Дело «всадников без головы» нашу бригаду на весь Афган «прославило». Комбриг, комбат, командир третьей роты таких трендюлей из штаба армии получили, что потом враскоряку долго ходили. У комбрига погоны затряслись и чуть не полетели. Командиру третьей роты очередное звание придержали и личное дело строгачом[25]25
  Строгач – жаргонное наименование строгого выговора с занесением в личное дело.


[Закрыть]
подпортили капитально.

Цукеру, которого к тому времени представили к медали «За отвагу», наградной лист в штабе «зарубили».

Вроде как повезло духам: наших перерезали, среди своих прославились, премии денежные за убитых десантников получили. Вот только… В августе 1981 года, работая по наводке армейской разведки, на одной из операций взяли мы отряд душманов, без боя взяли, из засады, неожиданно для них. Духи и «ах» сказать не успели, как им стволы во лбы уперлись. Умирать они не захотели, вот и сдались по-хорошему. Ну раз так… то их не били, только обыскали. Затем усадили кучей, а сами стали оружие их складывать. В основном давно устаревшие английские винтовки-буры, советские автоматы ППШ, несколько пулеметов РПД, парочка автоматов китайских АК-47 и один АКС-74. И вот видит один солдатик – его из третьей роты к нам перевели, – а на трофейном автомате АКС-74 (а такие только у десантников были) номер ему хорошо знакомый. Он ротного зовет, еще раз номер сличили… тот самый автомат, что у одного из наших «всадников без головы» был. Что тут началось… Я-то этих ребят погибших не знал, а мои сослуживцы с ними вместе первые месяцы в Афгане горюшко хлебали. Такое началось… меня стошнило, а потом я отошел и больше в ту сторону, где пленные были, не смотрел, даже уши заткнул. А ведь к тому времени уже успел всякого насмотреться. Вот так закончилась история о «всадниках без головы».

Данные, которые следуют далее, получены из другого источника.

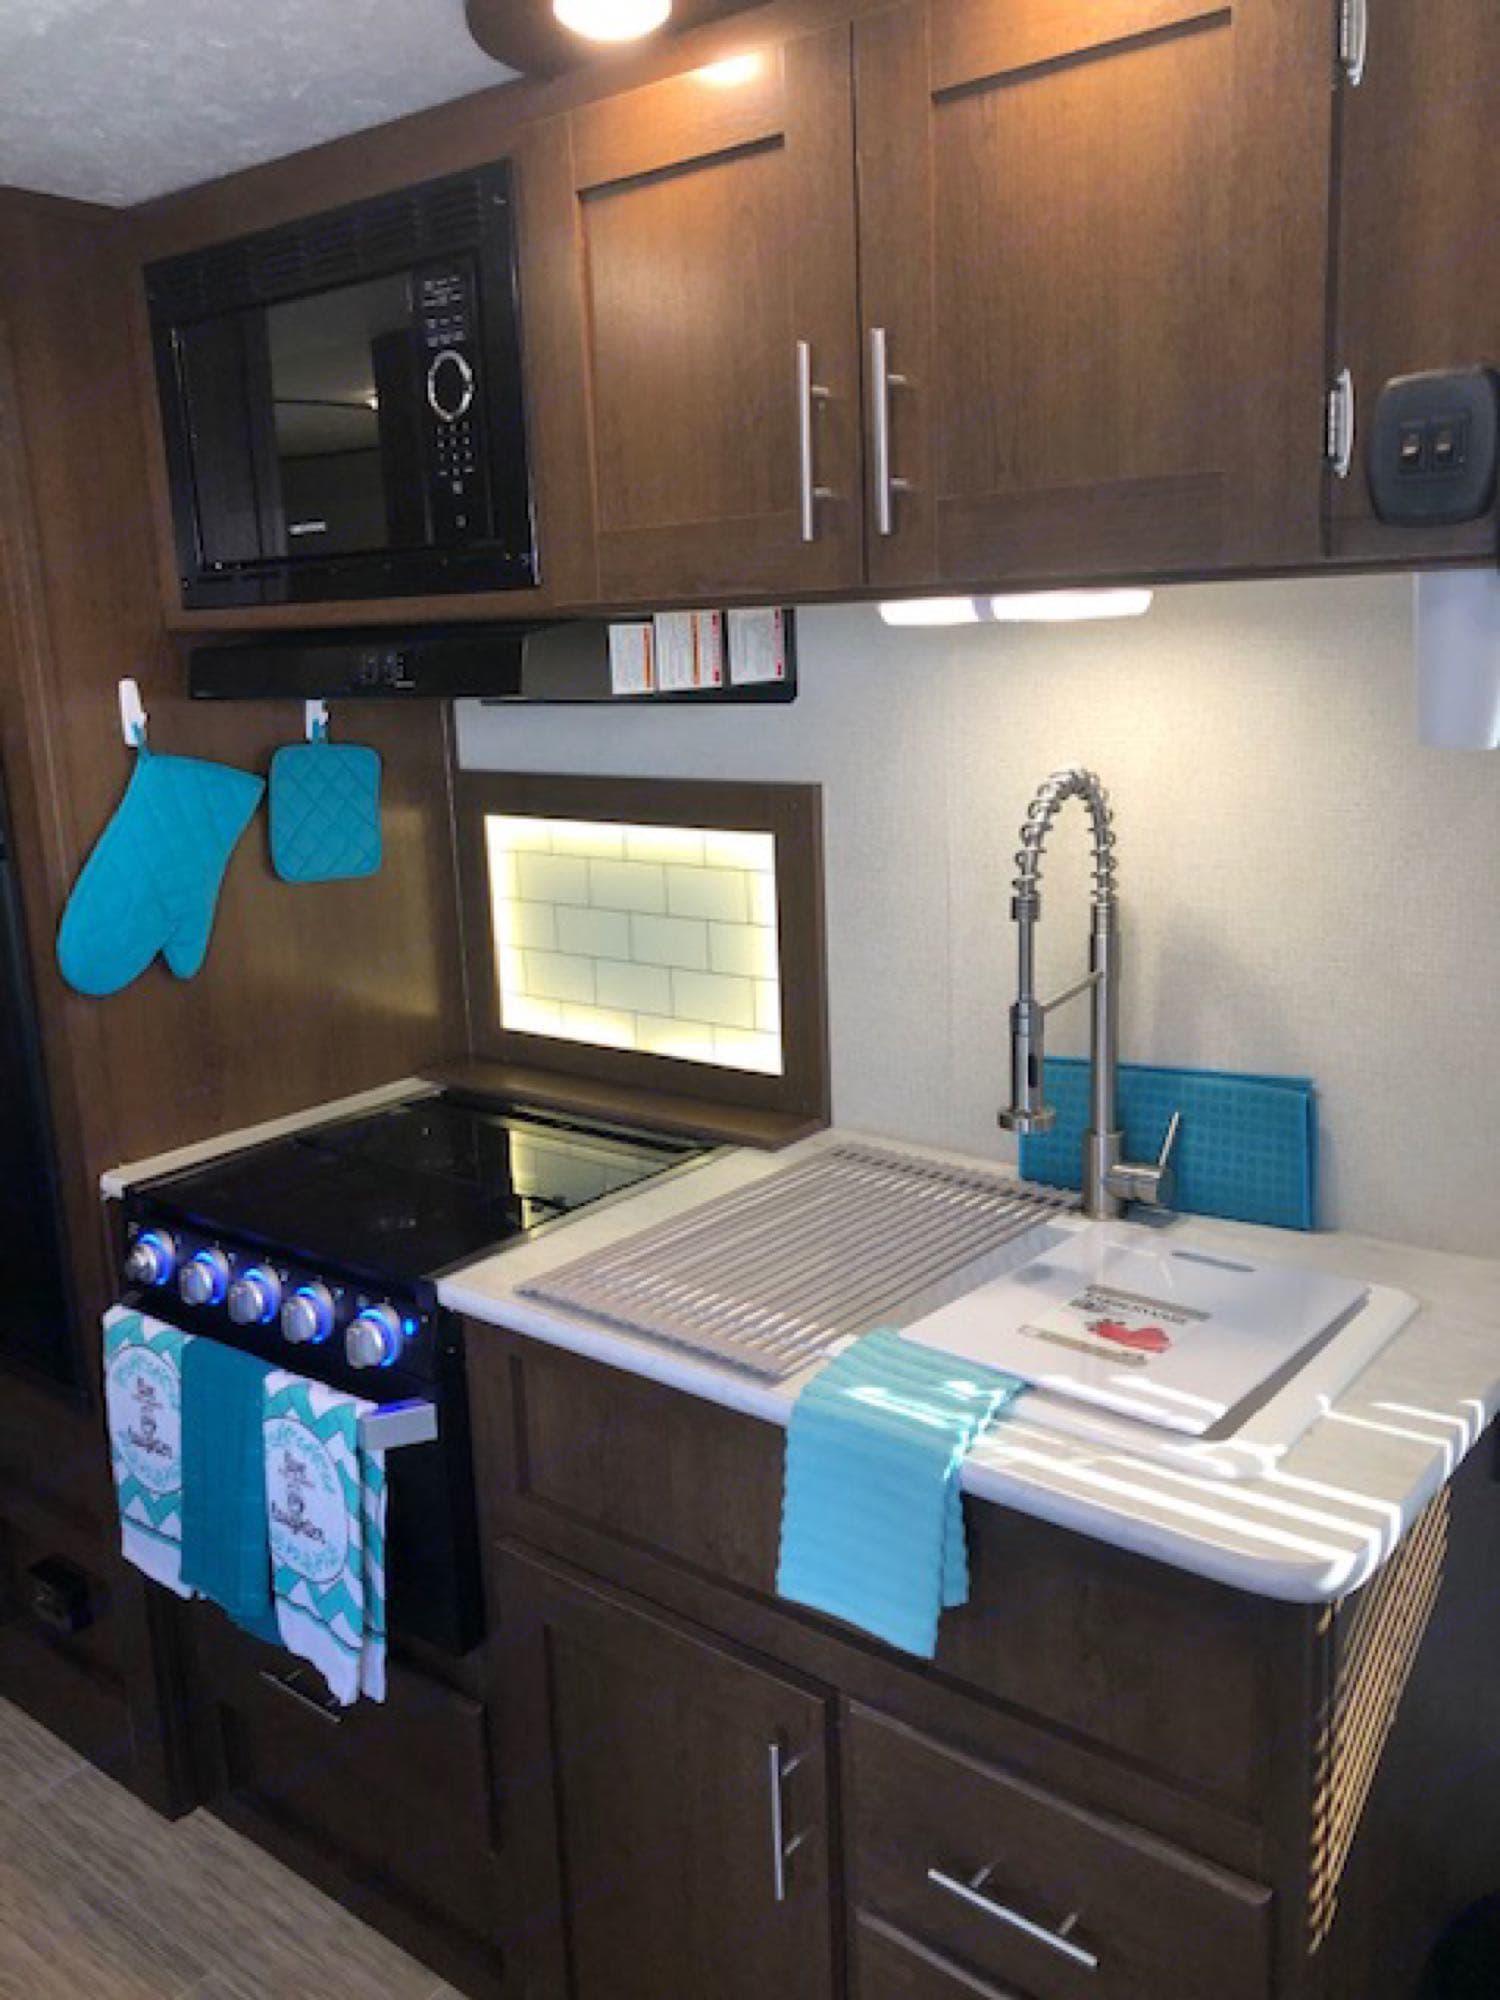 Kitchen area. Prime Time Avenger 2019

…Под бражку и спиртик мне земляки основные вехи славного пути нашей бригады и рассказывают. Я слушаю и мотаю на ус. И после конца каждого рассказа кружку с брагой поднимаю и пью с ребятами. Все выпито, все съедено, и голова уже кружится. Я вопросительно посмотрел на земляков – мол, пора и честь знать, выдвигаться в расположение роты, спать. Посидели еще немного и разошлись.

На следующий день после знакомства с историей бригады я очухался на кровати, раскрыл сонные глаза и удивился: «Мамочка ты моя родная! А где же «Рота подъем! Выходи строиться!», и почему меня, хотя уже полдень, никто пинками с кровати не скинул?» Пока валялся на кровати, осматривался. Большая палатка, ткань двойная, влагу не пропускает и в холод долго тепло в помещении сохраняет. По обе стороны палатки установлены два ряда двухъярусных железных коек, рядом тумбочки. На земле деревянный настил из сколоченных досок, две чугунных печки-«буржуйки». У обоих выходов из палатки самодельные ящики для хранения оружия и боеприпасов. Вот такой он теперь, мой дом на полтора года.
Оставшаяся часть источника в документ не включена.